# Frogs & Toads > Dart Frogs (Dendrobatidae) > Gallery for Dart Frogs >  Newest Dart Frog Habitat

## tonyball

Hi everyone just wanted to show my newly built 20 gallon vertical dart frog tank I just completed today, obviously it will take a while for everything to grow in but should look pretty nice when it does

----------


## maxQ

Looks great, nice job ! What kind of Darts you putting in there?

----------


## tonyball

> Looks great, nice job ! What kind of Darts you putting in there?


   I have several species of sub adults and just trying to wait and see which ones I want to pair off first, but I have Blue Azureus, Citronella's, Patricia's and Cobalt's also Powder Blues that are ready.

----------


## jz24

Hi tonyball,

This is a nice viv.  That bromeliad is beautiful.  Best of luck with your frogs.  They will love it in there.

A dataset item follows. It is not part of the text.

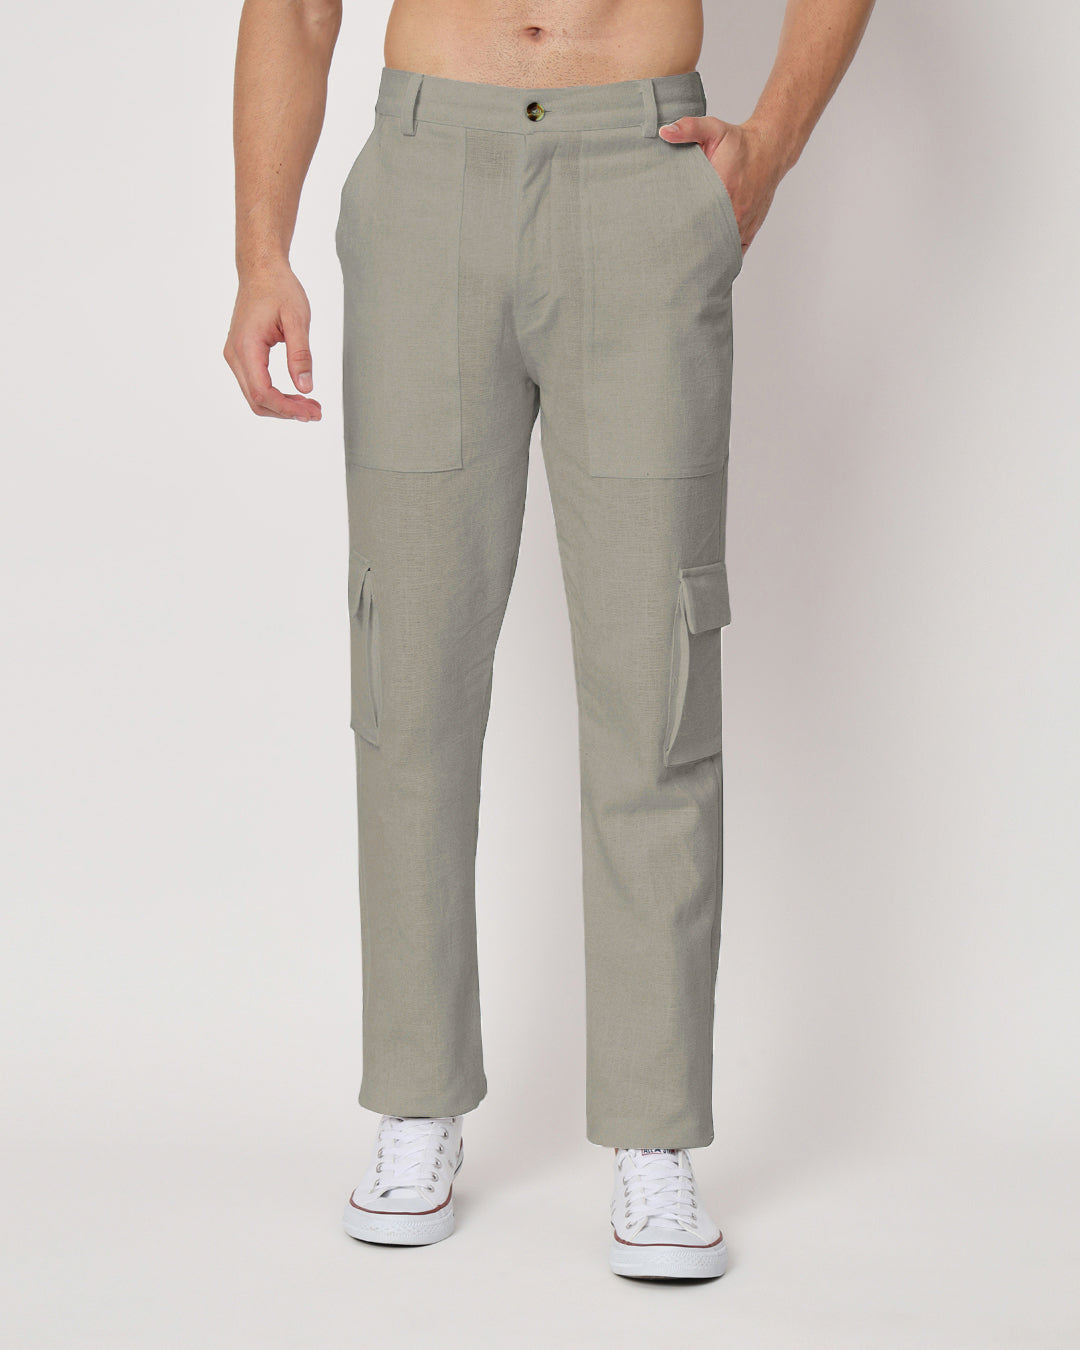 Combo: Function Flex Beige & Grey Men's Pants- Set Of 2

Thanks for the lovely photo.

Judy

----------


## tonyball

> Hi tonyball,
> 
> This is a nice viv.  That bromeliad is beautiful.  Best of luck with your frogs.  They will love it in there. Thanks for the lovely photo.
> 
> Judy


Thanks!

----------


## Happy Frog

I like the brom.  What type of door set-up did you use?  Any of those species you mentioned will contrast nicely with the greens and browns you already have in there.

----------